• Problem to work on:
Give back the whole listing exactly as written, leaving out each picture.

• Information provided:
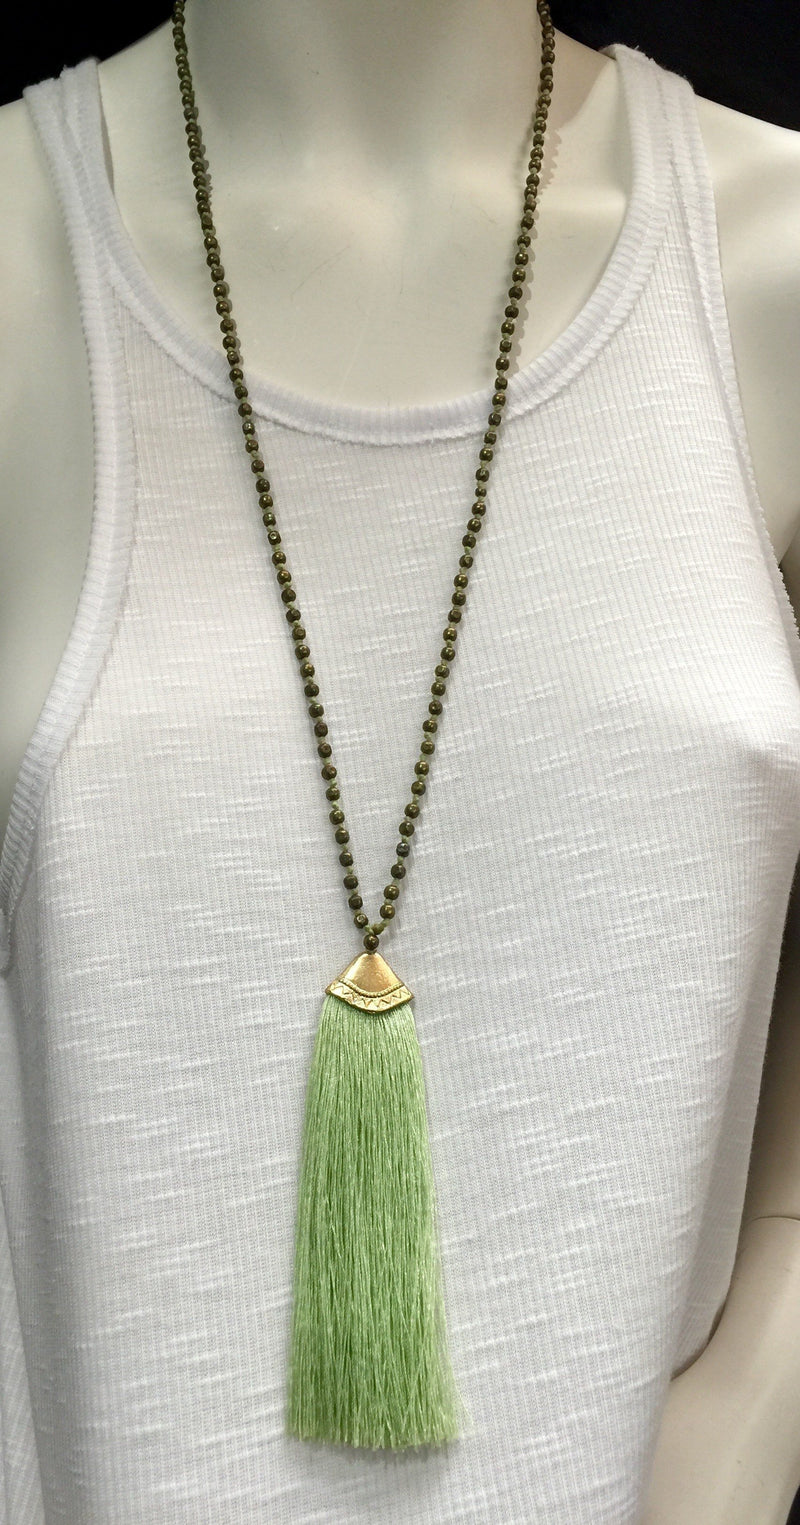 Brass Beads Tassel Necklace - Mint Green 
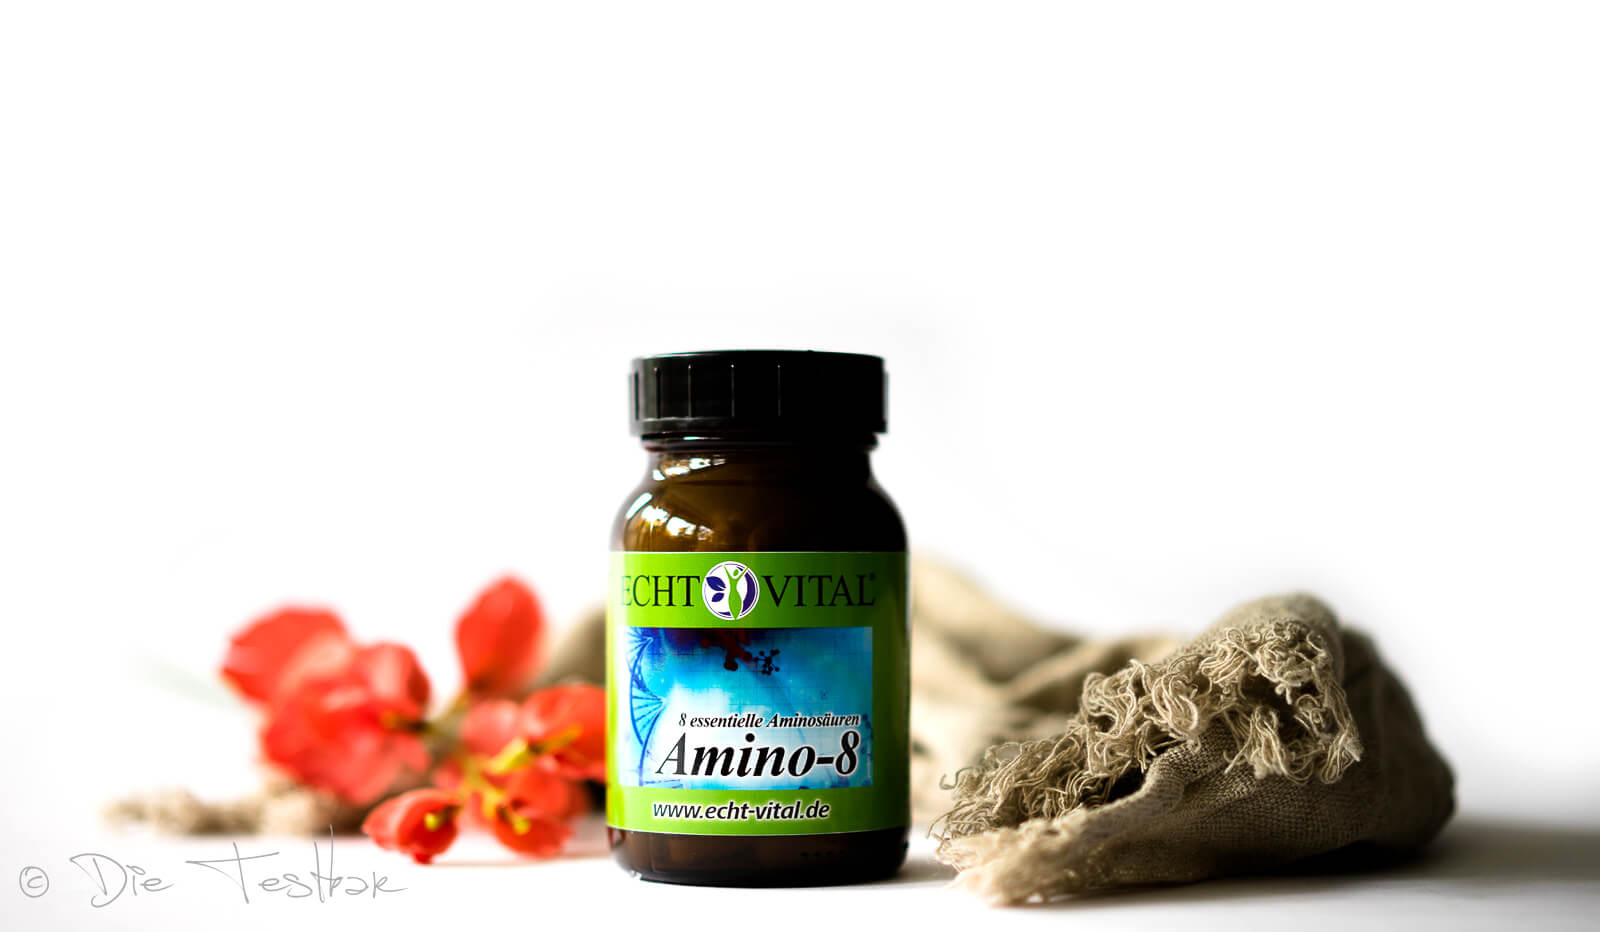 ECHT VITAL Amino-8 - alle essentiellen Aminosäuren (EAA) in einer Tablette
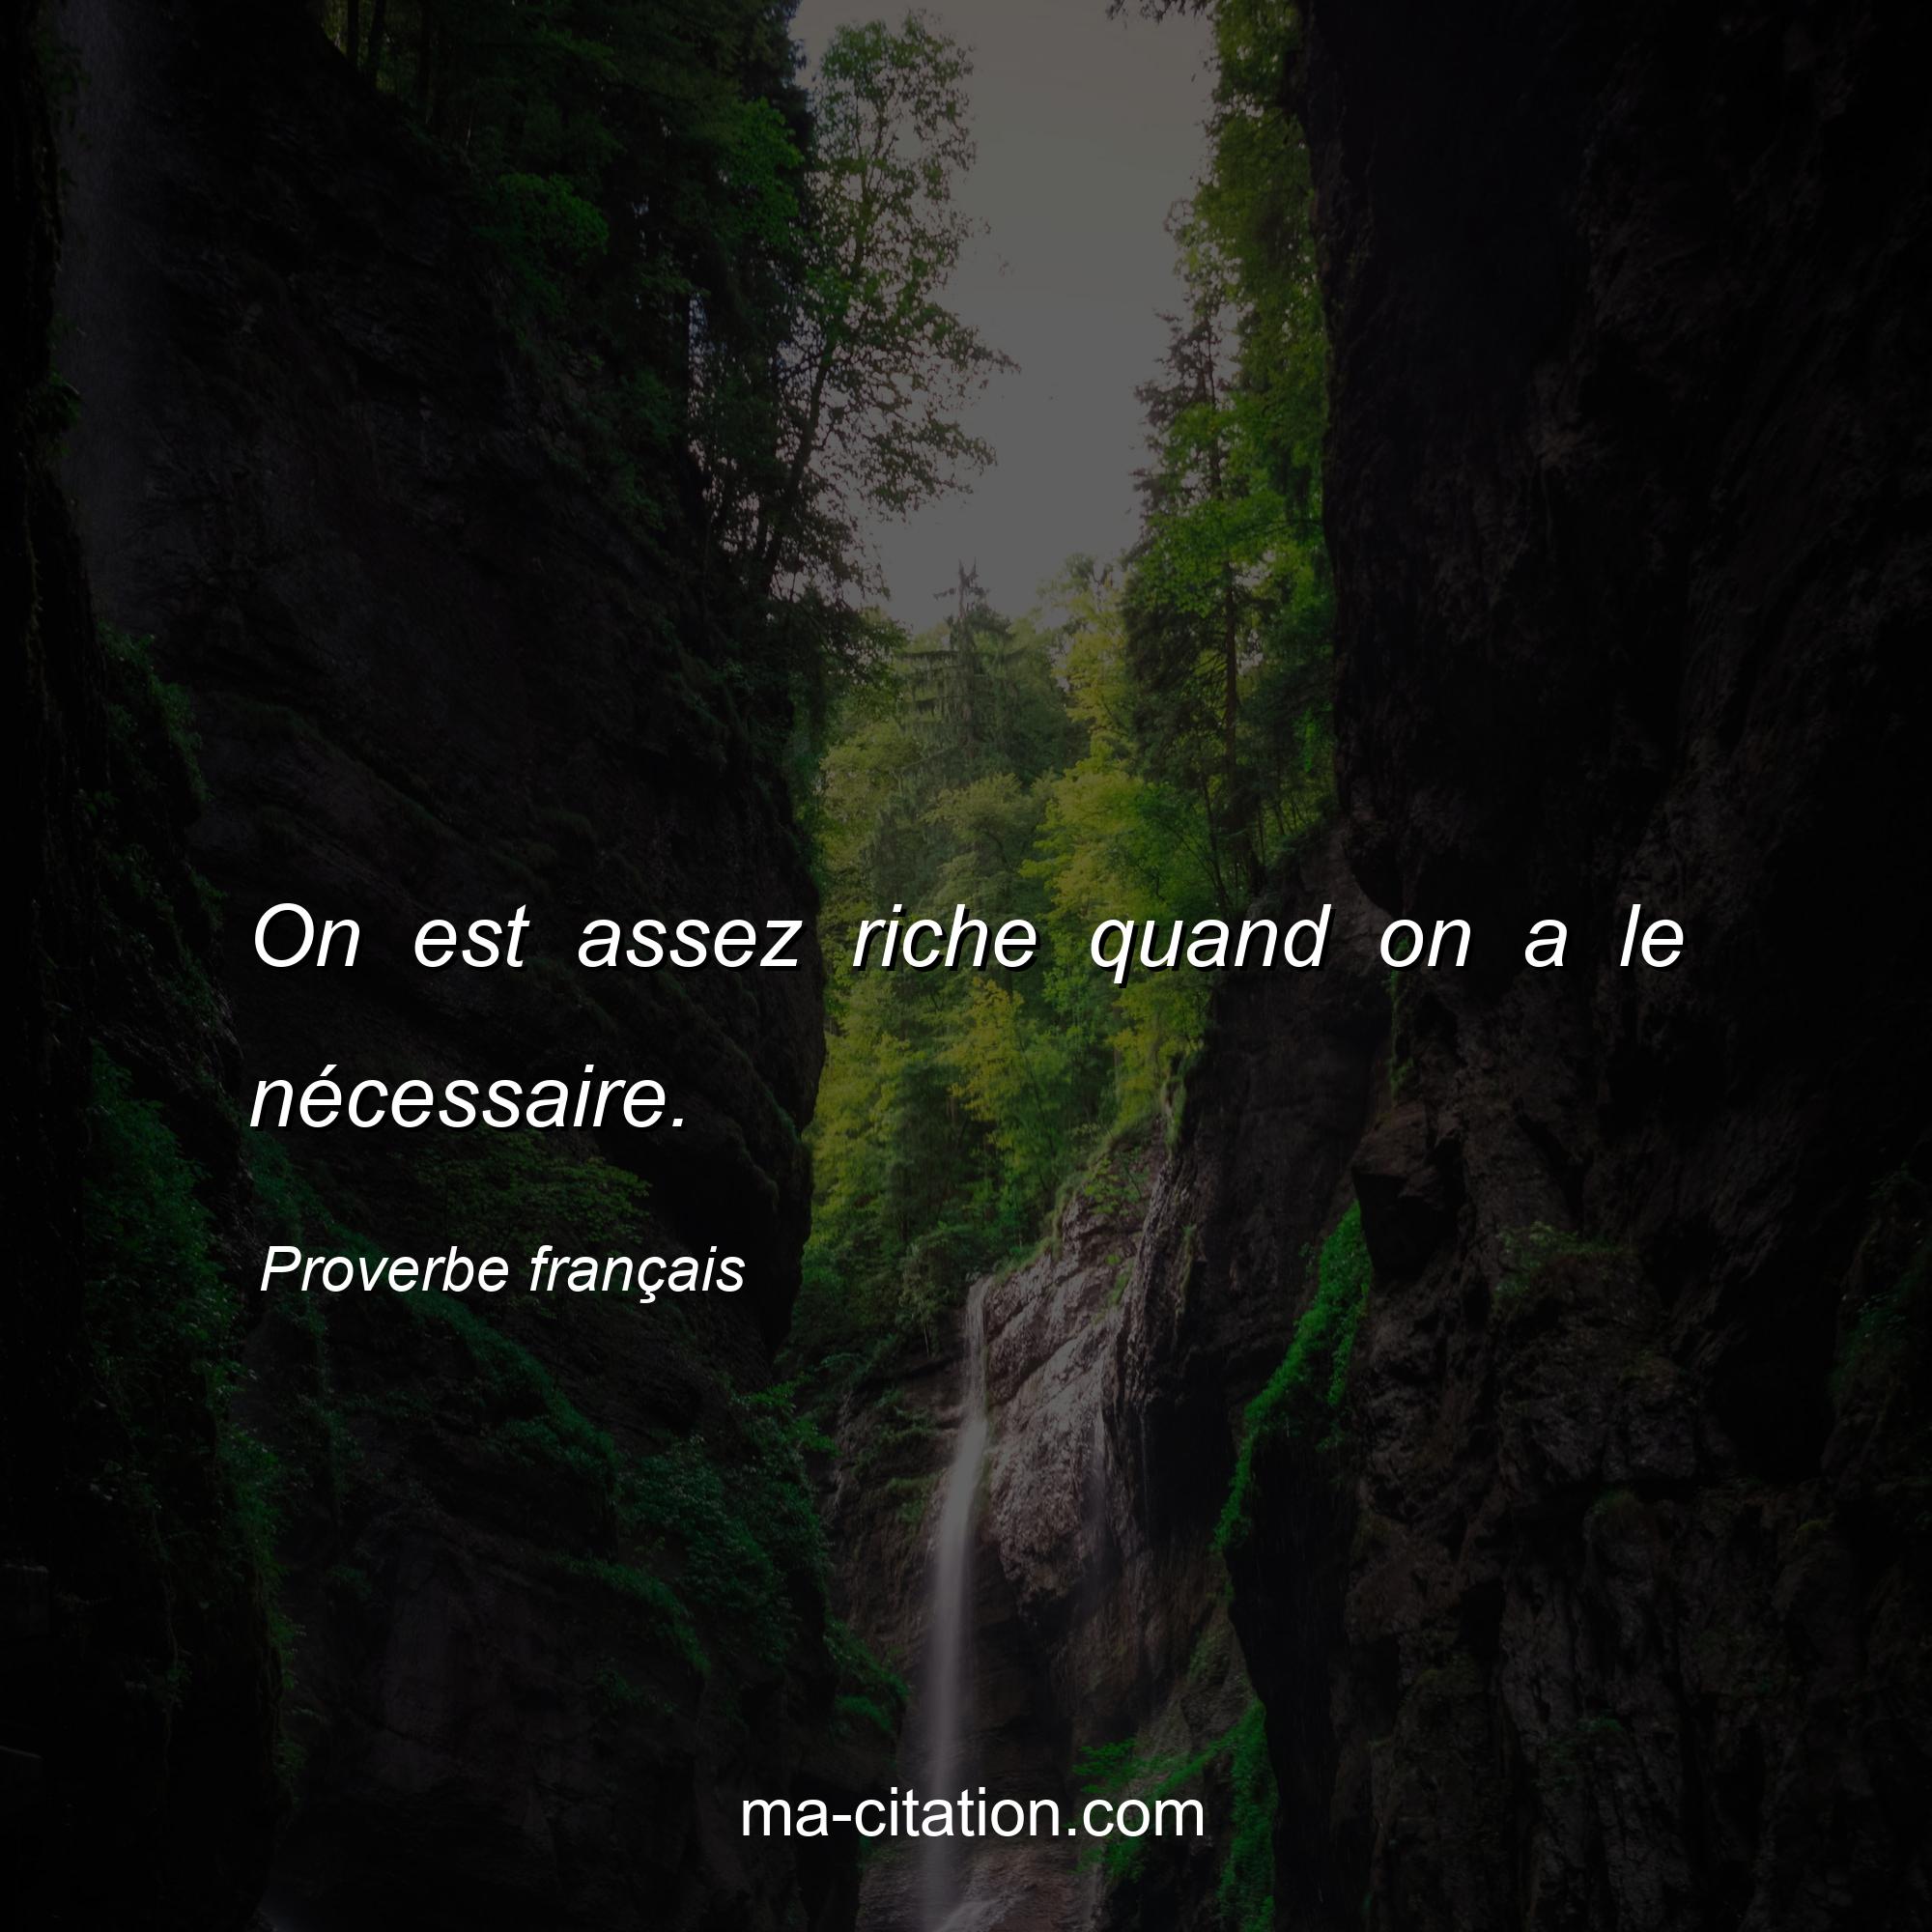 Proverbe français : On est assez riche quand on a le nécessaire.

• Answer space:
 Brass Beads Tassel Necklace - Mint Green 
 ECHT VITAL Amino-8 - alle essentiellen Aminosäuren (EAA) in einer Tablette
 Proverbe français : On est assez riche quand on a le nécessaire.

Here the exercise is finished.